Republicans conquer the White House, at least, in The Sims they do

Presidential candidates occupy humankind’s uncanny valley. Sources inform Kill Screen that they have beating hearts and consciences. In order to accede to the presidency, however, candidates must lead not-quite-human lives. The slightest hint of scandal can sidetrack a campaign: a high school op-ed piece; that one time you inhaled at a college party; sex. This creates a strong incentive for aspiring politicos to lead quasi-robotic lives. Consequently, something often seems off about politicians. It’s hard to nail down exactly what is off about them, but they are not like you or me. 

Something often seems off about politicians. 

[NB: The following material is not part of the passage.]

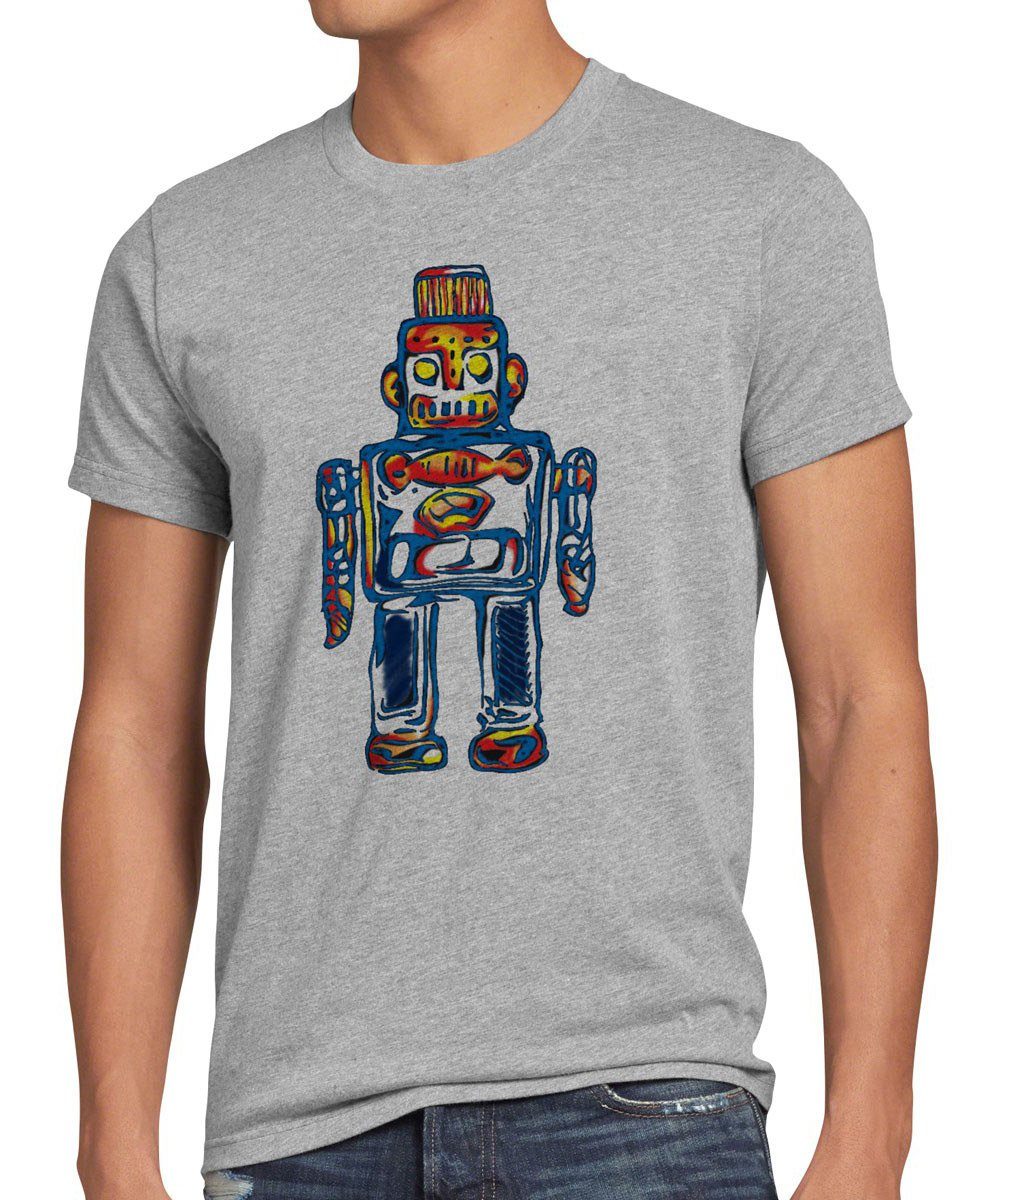 style3 Print-Shirt Herren T-Shirt Sheldon Toy Robot big bang cooper tbbt Roboter spielzeug Leonard grau meliert | T-Shirts

Presidential candidates are, in other words, perfect fodder for The Sims, a videogame about real life that, of course, is not actually real life. Over Easter weekend, IJReview’s Dave Jorgenson took this idea to its logical conclusion and recreated the Republican presidential field in The Sims. Drink them in: Jeb, Ben, Chris, Ted, Rand, Rick, Marco, and Scott, their faces a bit slimier than usual, their suits normcore as ever. Since The Sims doesn’t do wrinkles and jowls, the men all look like their younger selves, as if they’d gone straight from the campus conservatives club to the Iowa caucuses. 


You don’t have to be Nate Silver to understand that these eight candidates won’t all make it to the White House, but that didn’t stop Jorgenson. He built a White House in The Sims and had the entire field congregate there. Things got weird—weirder than the crazy dinner party in House of Cards. Rick Perry and Chris Christie got into a topless brawl. Scott Walker tumbled headfirst into a swimming pool. Despite being a doctor, Ben Carson stood idly by as Jeb Bush drowned in the pool. The Grim Reaper collected him. Seeing as Jorgenson’s simulated White House was a Republican-only zone, you can draw your own conclusions about the Grim Reaper’s allegiances. 

What does any of this have to do with politics? Well, if Ben Carson wins out, Dave Jorgenson will be the only one to have predicted it. Indeed, games and political projections occupy entirely separate worlds. The counterpoint to this phenomenon comes from baseball, where mathematically complex simulators occasionally double as niche games. Probability can be fun. This is one of the reasons election projection sites do good business. Politicians, though they are engaged in an often-absurdist game, do not like thinking of their chosen activity as such. Thus, Dave Jorgenson’s absurdist The Sims creation is the closest we’re likely to get to a political projection game.